We turn the clock back a notch this week with a review of the 1994 classic Maverick. This came out in the era of 90s action flicks so to have a western poker movie was something different. It’s got some weird bits here and there with some extreme exaggerations, but in the end it’s a decent flick. Click to find out more about this film!
Maverick follows the story of Bret Maverick (Mel Gibson), a smooth talking silver-tongued gambler who is trying to con his way into a Winner Takes All poker tournament. Along the way he befriends a few people including the sexy thief Annabelle Bransford (Jodie Foster) and a law abiding Marshal by the name of Zane Cooper (James Garner). Going through his ups and downs and his twists of luck, Bret must find a way to get into the poker tournament and win with his life intact.

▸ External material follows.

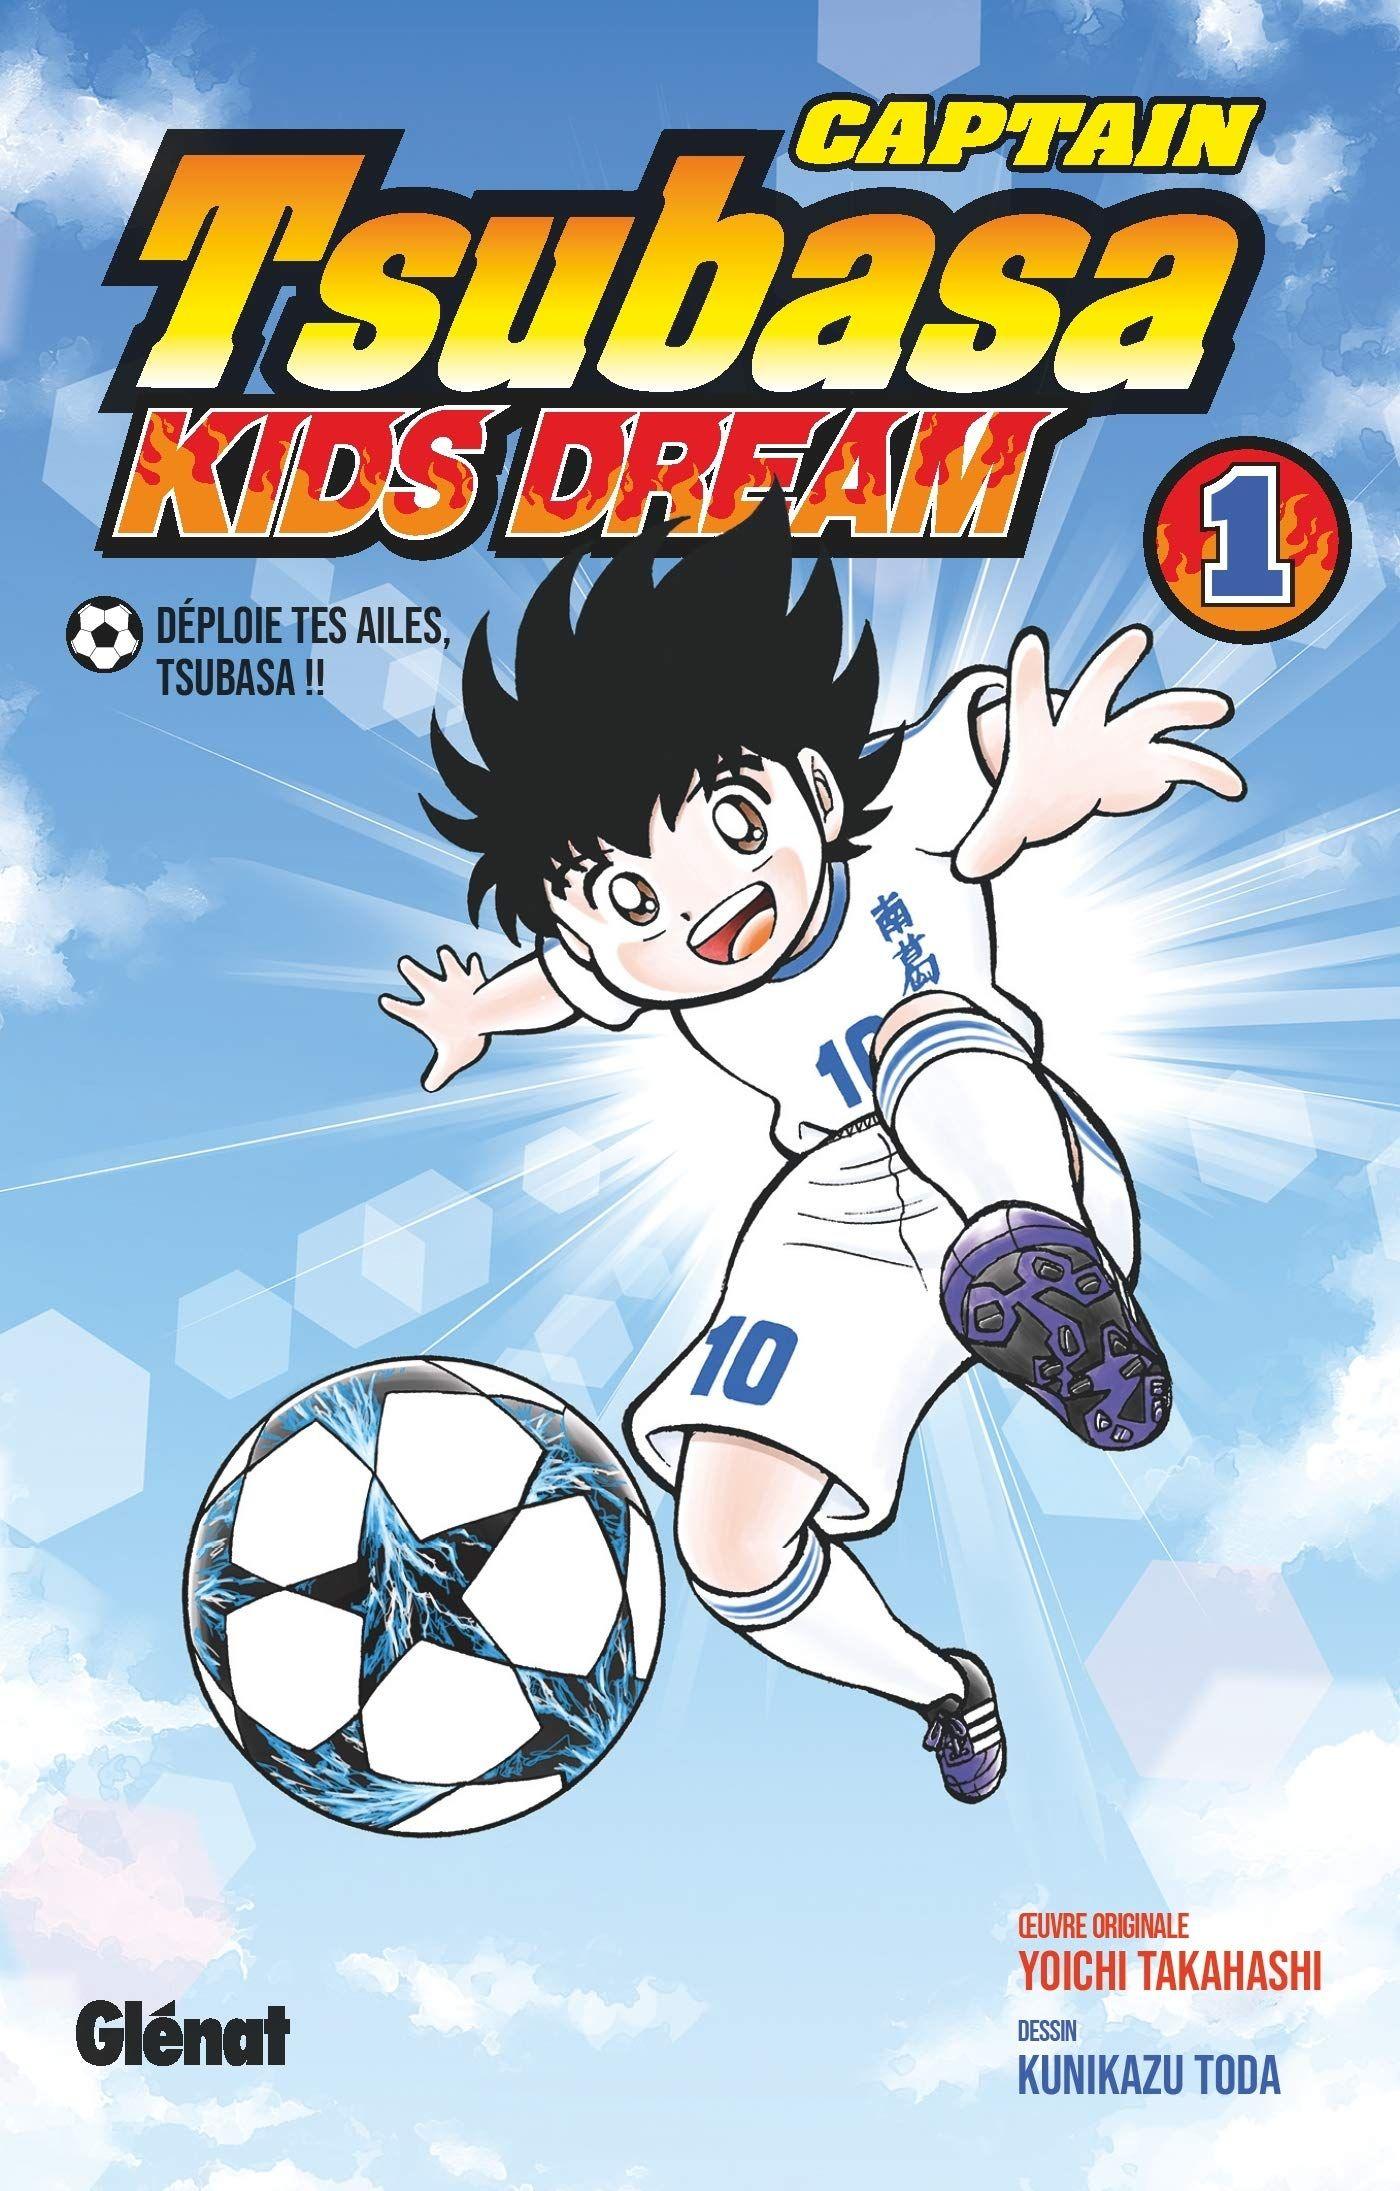 Manga - Captain Tsubasa - Kids Dream

The first thing I noticed in this movie is the amount of cameos from other actors. The cameo that I loved the most is from Mel Gibson’s good friend Danny Glover (Lethal Weapon) who plays an unspecified bank robber. It’s funny seeing Mel and Danny see eye to eye and do a triple take on each other. The best part is that Glover spits out his iconic line that he says in every Lethal Weapon movie. Being a western movie it’s only appropriate to have appearances come from famous western actors James Garner and James Coburn. While this may be a bit of bias, but I really love Alfred Molina and I love it when he gets the role of a villain. Molina is cast perfectly as a villain and it’s his evil glare that really does it for me.
The story I found is quite compelling. There are plenty of twists and turns as you’re not quite sure of who’s on whose side. I loved the cocky attitude that Gibson pulls off with Maverick. He is the quintessential lovable jerk because every time you see him scam someone, he’s put back in a situation where he’s needed to come out on top as a hero. Jodie Foster plays her role really well though I thought that near the end of the movie her usefulness to the entire story became needless and boring. Included in the acting mix is legendary Canadian actor Graham Greene who is famous for his work on Royal Canadian Air Farce and The Red Green Show. While some might not agree with his native American character Joseph, the feeling that they were trying to evoke was his comedic and satirical elements rather than a serious role which the end results lead to a very interesting and funny character.
So you’re thinking, this movie is pretty old, is the comedy and story still relevant? I’d say yes. It packs enough humor and clever bits of story to feel unique and fresh even though it’s over a decade old. It balances it’s cheese factor with some high quality acting.